Potrząsnęłam głową, mrugając oczami, gdy dotarło do mnie, że bezceremonialnie otaksowywałam człowieka, jakby był manekinem na wystawie i to jeszcze zupełnie nie zdawszy sobie sprawę, że on to widział. Niech to szlag!
Oderwałam od niego wzrok, czując, że rumieniec powoli wypełzał na moją twarz i szybko dossałam się do szklanki z sokiem, spoglądając na brata, jakby był moją jedyną deską ratunkową. Boże, czy ja nie wypiłam dzisiaj kawy, że byłam tak nieprzytomna? Co się ze mną działo?
- Wszystko dobrze. – odparłam machinalnie, prawie opluwając się sokiem, jakby wypadło mi z głowy zapamiętanie, że to, co się miało w ustach, należało połykać. – Wszystko dobrze. – powtórzyłam, choć wiedziałam, że tylko się przez to pogrążałam. Kątem oka zerknęłam w stronę mężczyzny i żachnęłam się, gdy zauważyłam, że on wciąż patrzył w moim kierunku. Dopiero po chwili dotarło do mnie, jak szybko biło mi serce i jak bardzo trzęsły mi się dłonie. Cholera, dlaczego musiałam się gapić na faceta w tak idiotyczny sposób, kiedy on był taki przystojny? Gdy już ściągnął tę czapkę, okazało się, że miał blond włosy ścięte po bokach dokładnie tak samo jak Kuba, tylko te na czubku głowy miał dłuższe i rozwichrzone w przeciwieństwie do mojego brata. Z wrażenia aż ścisnęło mnie w dołku i poczułam falę wyjątkowo podekscytowanych motylków w brzuchu. Nie był ogolony, a ja miałam cholerną słabość do mężczyzn z zarostem. Boże, znów się na niego gapiłam! – A co u ciebie? – spytałam Kuby, choć nawet nie byłam pewna, czy on już przypadkiem się nie odezwał. Szum w uszach skutecznie zagłuszał wszystkie dźwięki z zewnątrz. Matko, nawet nie pamiętam, kiedy ostatnio aż tak zareagowałam na jakiegokolwiek człowieka na tym globie!
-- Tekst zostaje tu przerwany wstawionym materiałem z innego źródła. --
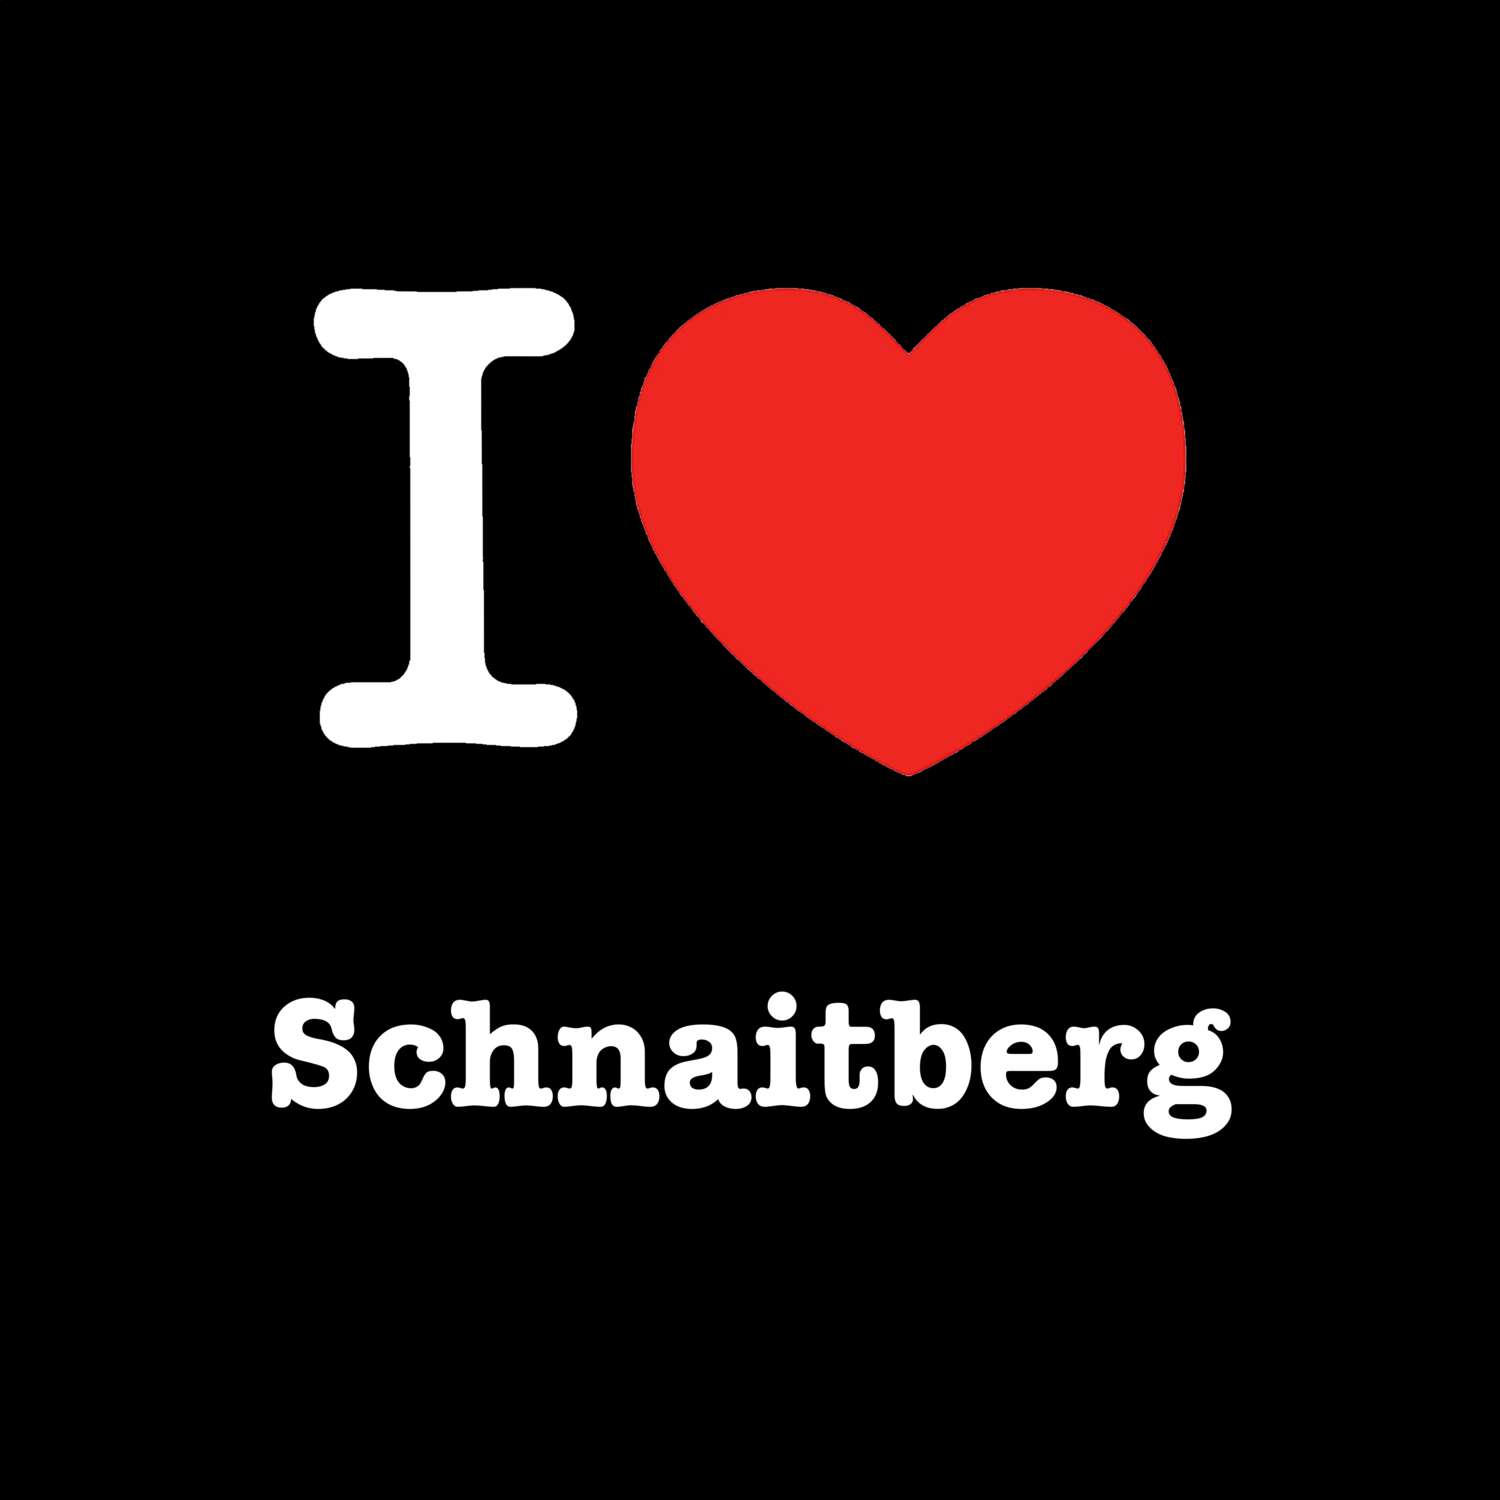 Schnaitberg T-Shirt »I love«

- Świetnie, rodzice ciągle chcą mnie wciągnąć do firmy, ale się nie daję. Co prawda zablokowali mi dostęp do pieniędzy, ale... – reszta mi umknęła, bo mężczyzna wyciągnął telefon i zaczął w nim coś szperać, a ja wykorzystałam moment, by mu się bliżej przyjrzeć i gdy tylko udało mi się to zrobić bez jakichkolwiek porównań, rzeczywistość uderzyła mnie jak obuchem.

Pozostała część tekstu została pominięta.